Last Thursday1 a new analysis of the main “tipping elements” in the Earth system was published in Science.2, 3 The paper and its supplementary materials provide data on likely thresholds and effects of all the main tipping elements that have been discussed in the literature of the past two decades. Furthermore, the supplementary materials also discuss a number of other feedback effects that have been suggested as tipping elements before, but that turn out to be too gradual to be properly classified as such. These effects are at least as important, however, and tend not to be (fully) included in common predictions of average global warming due to a change in atmospheric CO₂ and other greenhouse gasses either.
To give some examples, Armstrong McKay and colleagues predict that the best estimate for the threshold (i.e. the “tipping point”) for collapse of the West Antarctic Ice Sheet (WAIS) is 1.5°C (above pre-industrial – we’re at 1.1 or 1,2 now, depending on who you ask) with a minimum threshold of 1°C and a maximum of 3°C. It will take about 2000 years before the full effects thereof are felt (uncertainty range: 500~13,000 years), and these effects include 0.05°C of average global warming, 1°C of local warming, and an unmentioned rise in sea levels. (The latter is outside the scope of the paper, but can be easily found elsewhere.) For Amazon rainforest dieback, the estimated threshold is 3.5°C (min. 2°C; max. 6°C) with full effects in 100 years (50~200 years). These effects include further global warming between 0.1°C and 0.2°C degrees depending on whether the dieback is partial or complete, and 0.4~2°C locally.

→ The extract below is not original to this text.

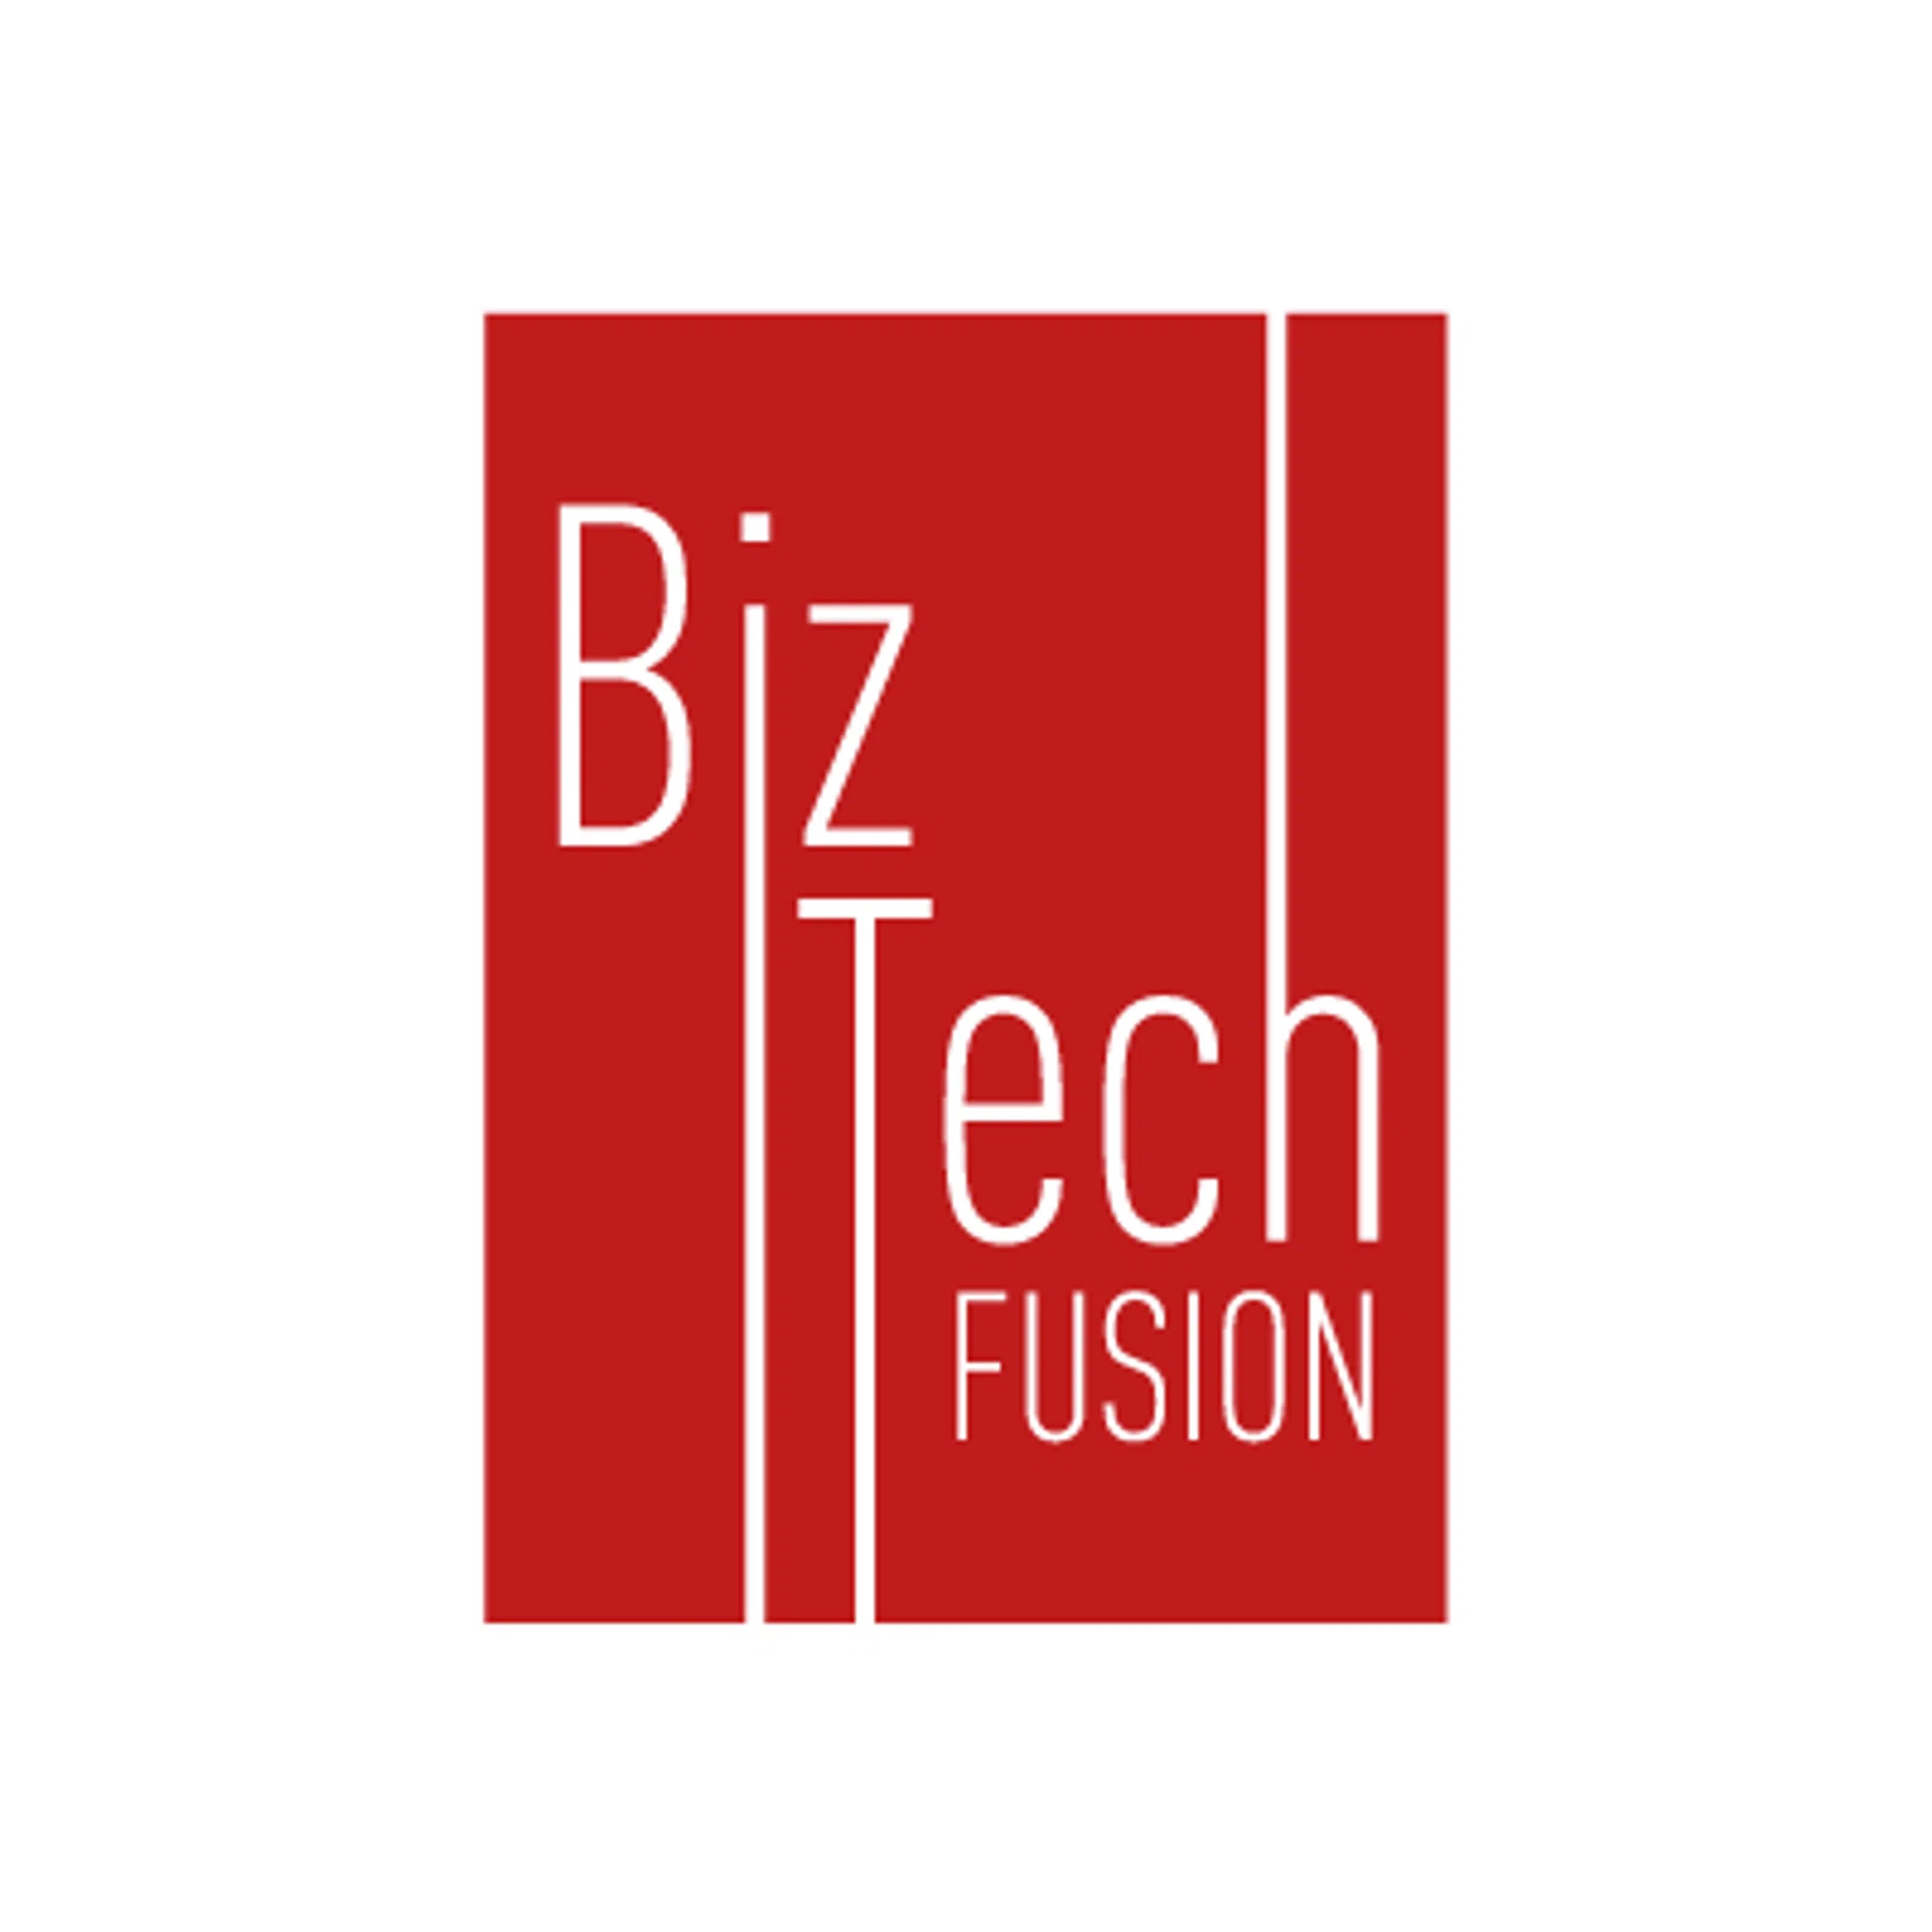 biztechfusion.com logo

Not all tipping elements are positive feedbacks, like these two examples, however. Changes in currents in the (northern) Atlantic ocean will have negative effects. A collapse of the Atlantic Meridional Overturning Circulation (AMOC) would lead to approximately 0.5°C of global cooling and local cooling effects of 4 to 10°C. The best estimate for the threshold of AMOC collapse is 4°C (1.4~8°C), so this is merely a relative cooling effect – everything else being equal, it would only reduce that 4°C of warming by 0.5°C.
Furthermore, not all tipping elements are equally important if we’re just concerned with temperature predictions. For example, coral reef die-off is estimated to occur at 1.5°C (1~2°C), but is not expected to have any (direct) effects on global or local temperature.4 The aforementioned WAIS, but also the collapse of the Greenland ice sheet are “irrelevant” for a very different reason: the timescales of their effects are so long (and their warming effects so small) that by the time full effects are reached average global temperatures will already be significantly lower than at their peak, so no additional warming – relative to that peak level – occurs.5 In temperature predictions, such tipping elements can, therefore, be ignored. That doesn’t make these tipping elements any less relevant in other ways, however. Melting of WAIS and the Greenland ice sheet will result in average global sea level rise of somewhere between 12 and 17 meters (but this will probably take about 10,000 years, although the minimum timescale estimate is a mere 1000 years).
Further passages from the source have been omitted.